» **DATA SECTION**:
===
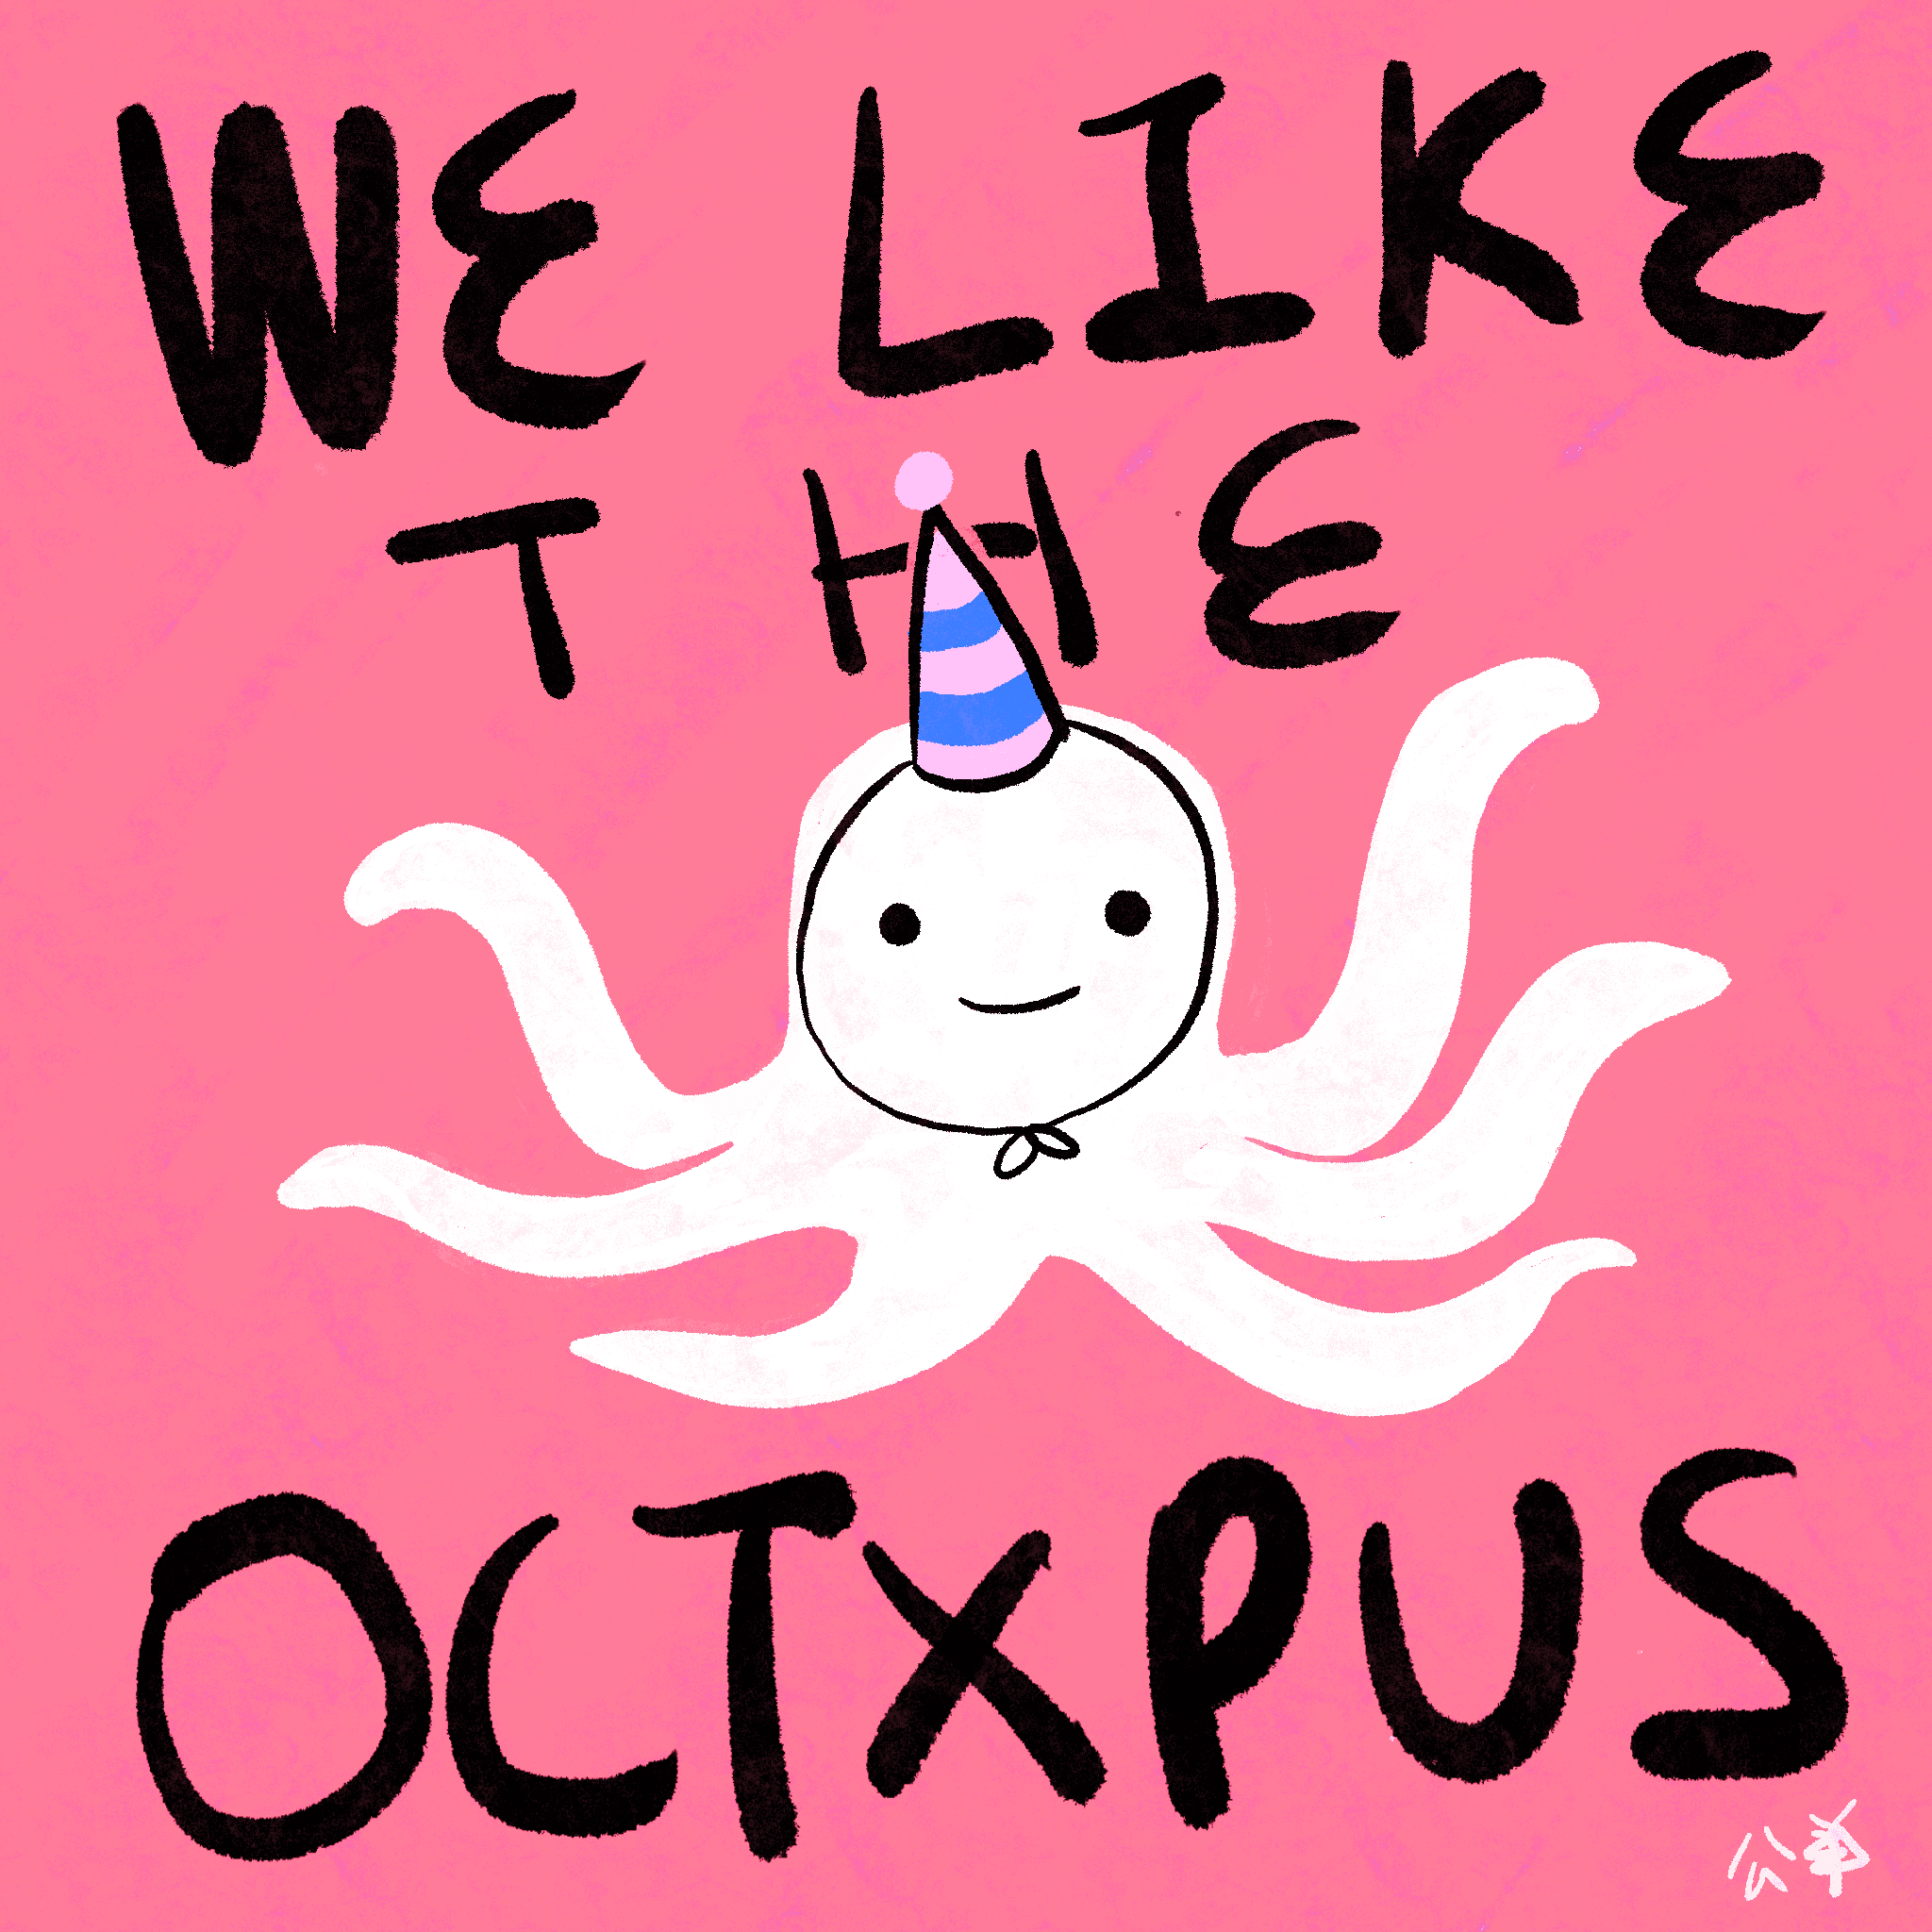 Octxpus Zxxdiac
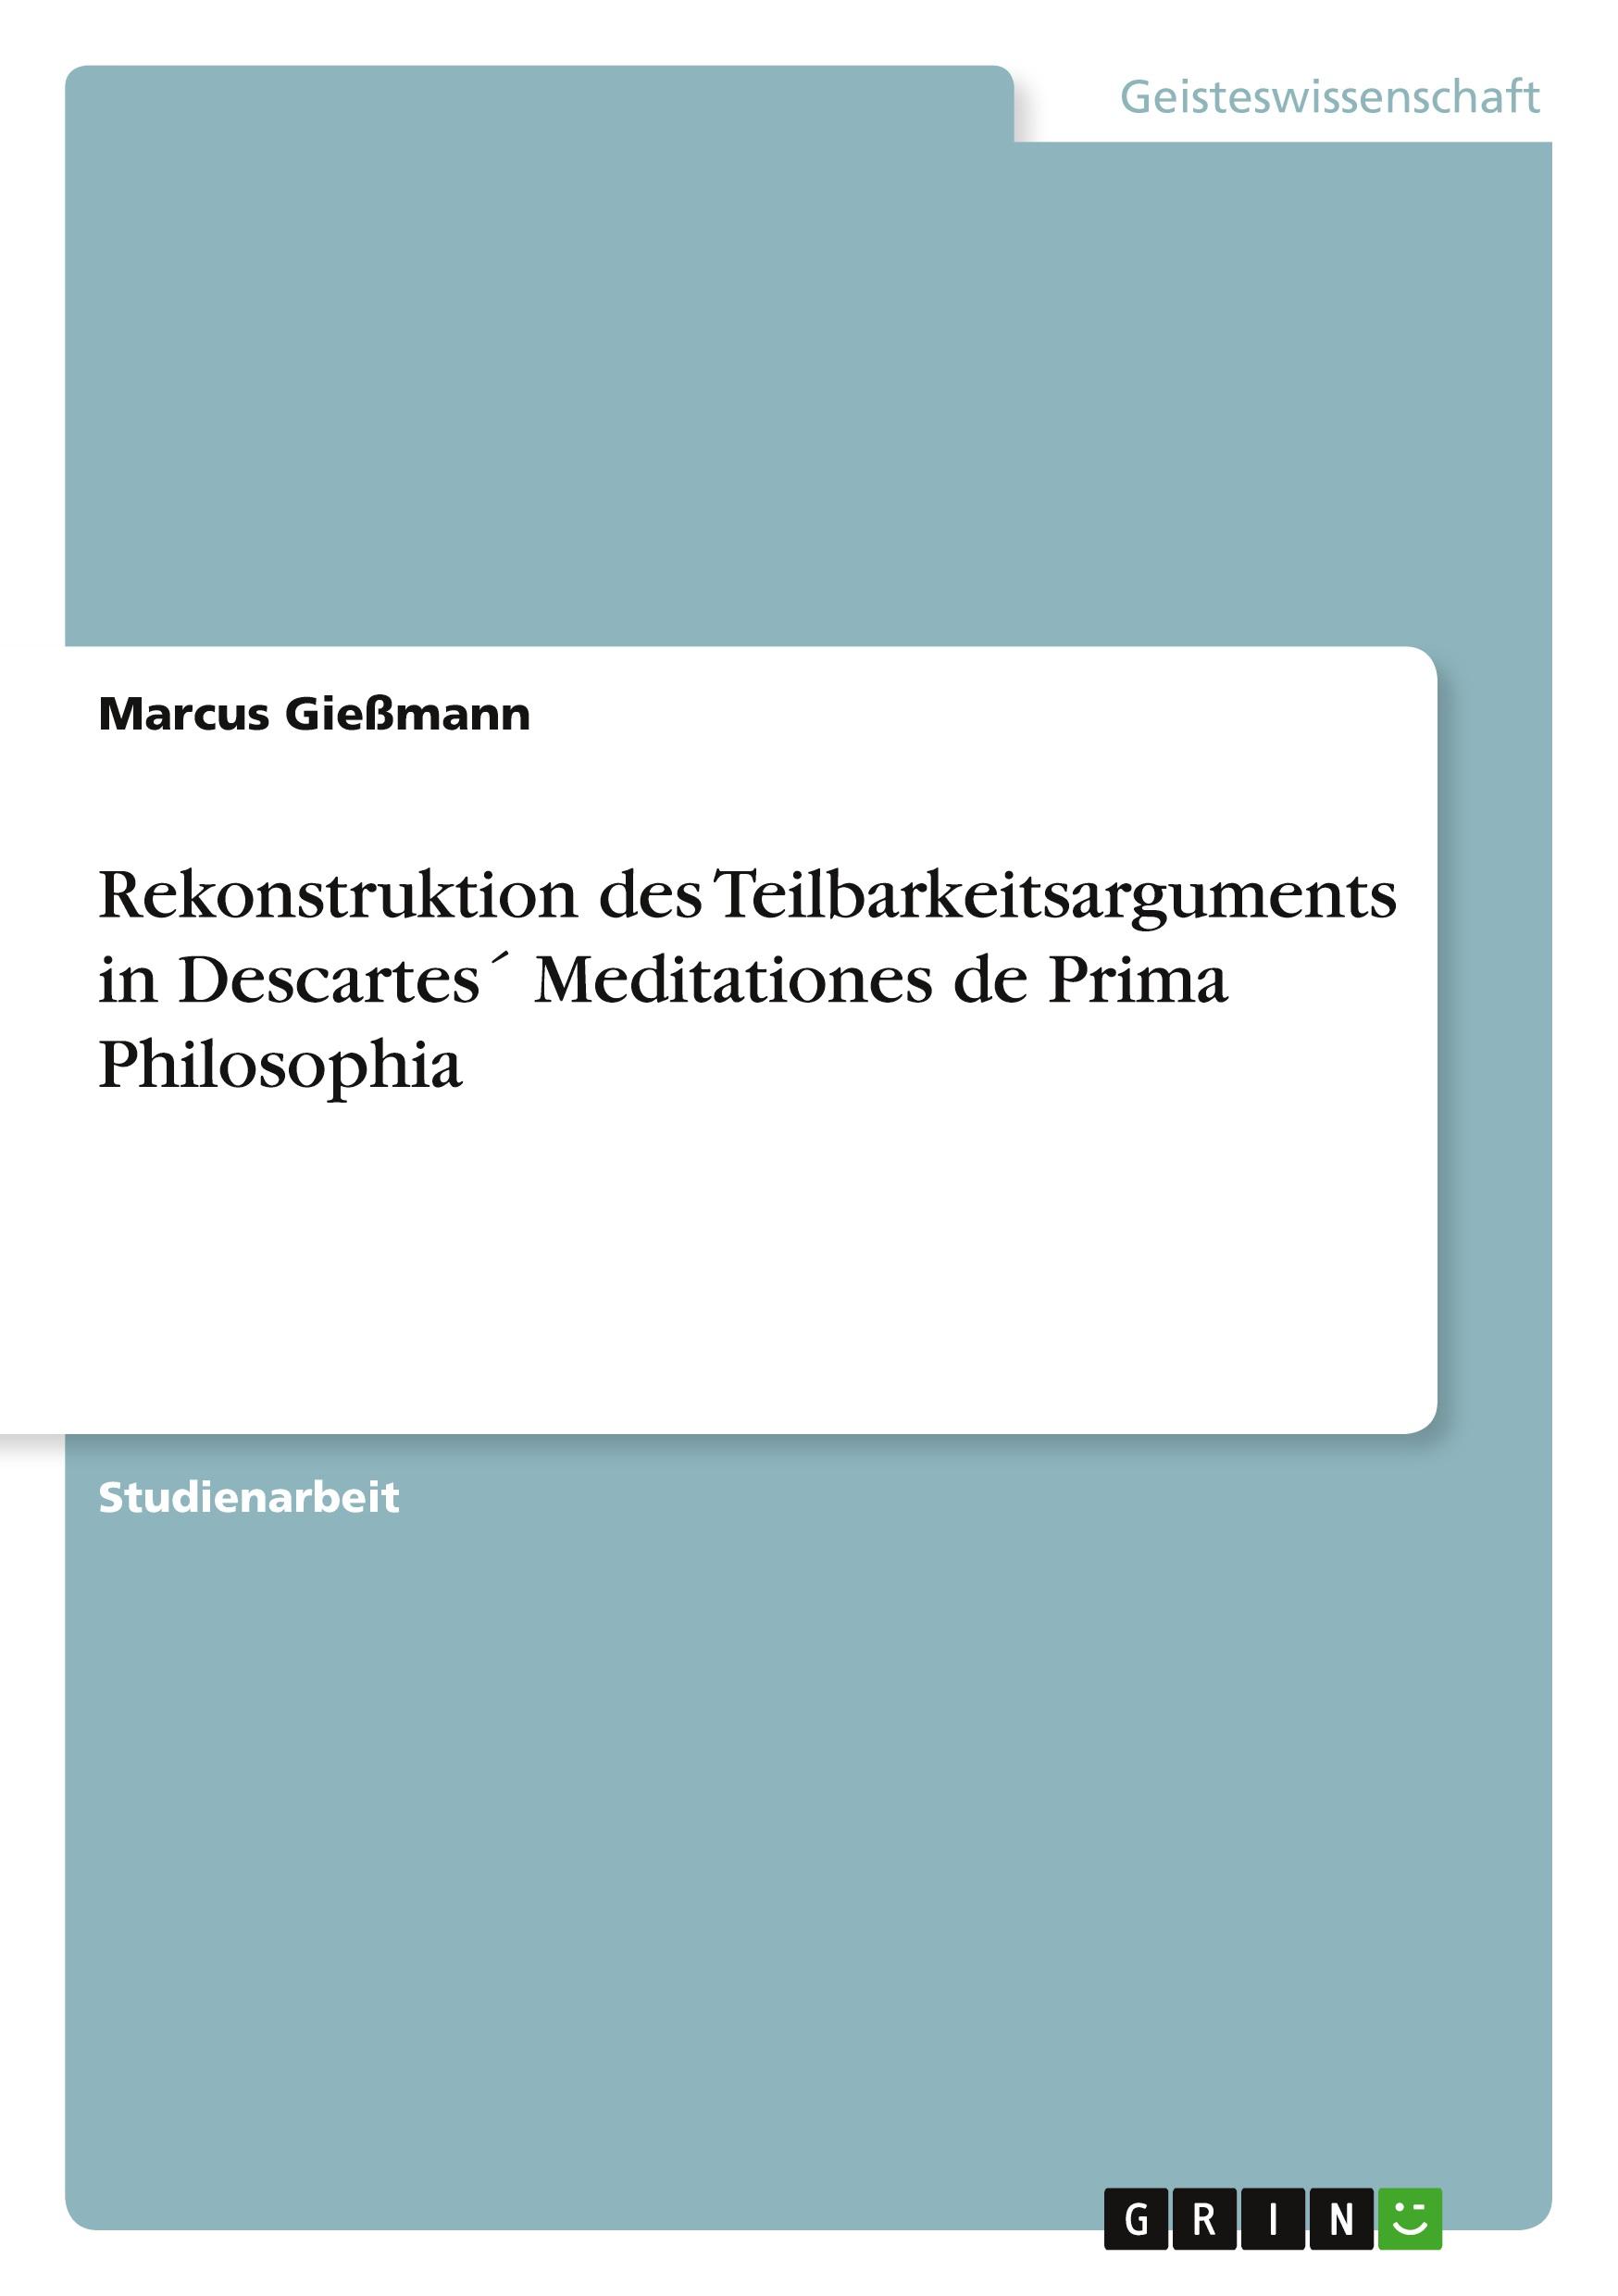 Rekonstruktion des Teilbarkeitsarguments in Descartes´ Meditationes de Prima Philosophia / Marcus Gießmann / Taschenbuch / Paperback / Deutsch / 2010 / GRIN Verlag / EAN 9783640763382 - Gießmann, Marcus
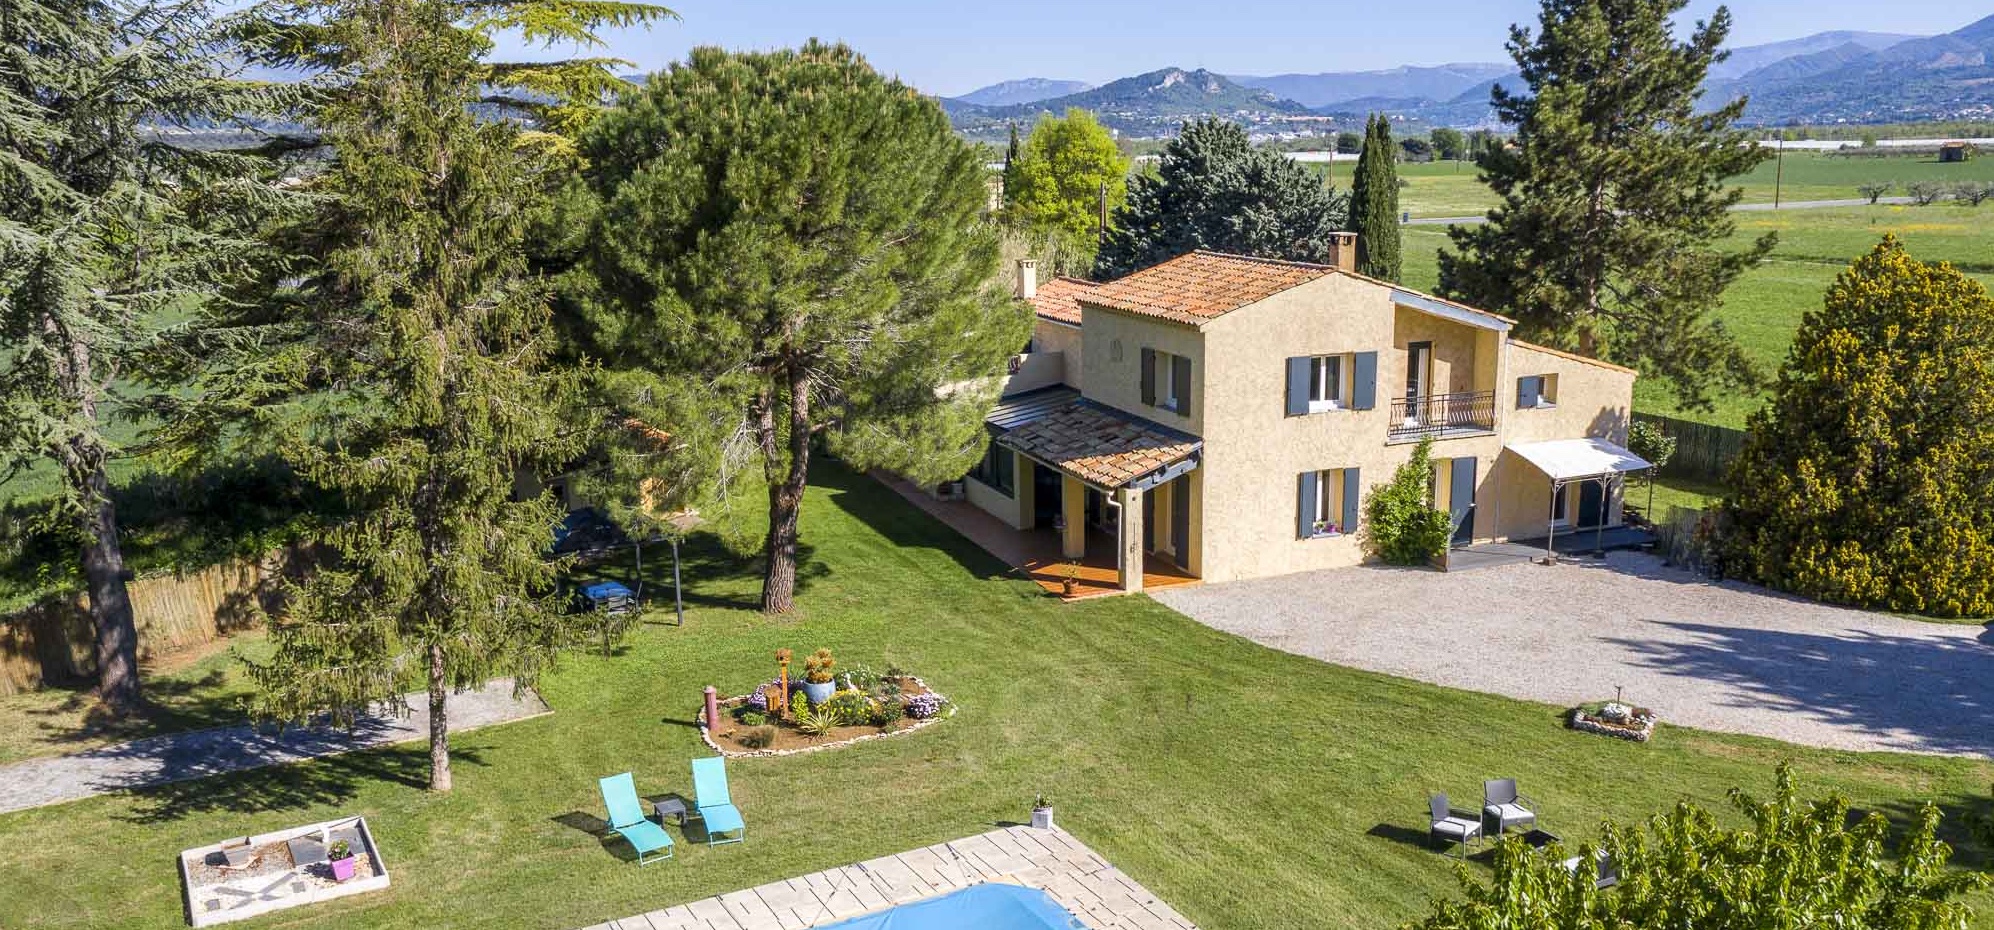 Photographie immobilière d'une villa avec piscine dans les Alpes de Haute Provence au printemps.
===
» **ACTION ITEM**: The expected output is an exact copy of the lines from the top of the data above through the line containing "Rekonstruktion des Teilbarkeitsarguments", both included, with every picture omitted.

» **WRITTEN RESPONSE**:
 Octxpus Zxxdiac
 Rekonstruktion des Teilbarkeitsarguments in Descartes´ Meditationes de Prima Philosophia / Marcus Gießmann / Taschenbuch / Paperback / Deutsch / 2010 / GRIN Verlag / EAN 9783640763382 - Gießmann, Marcus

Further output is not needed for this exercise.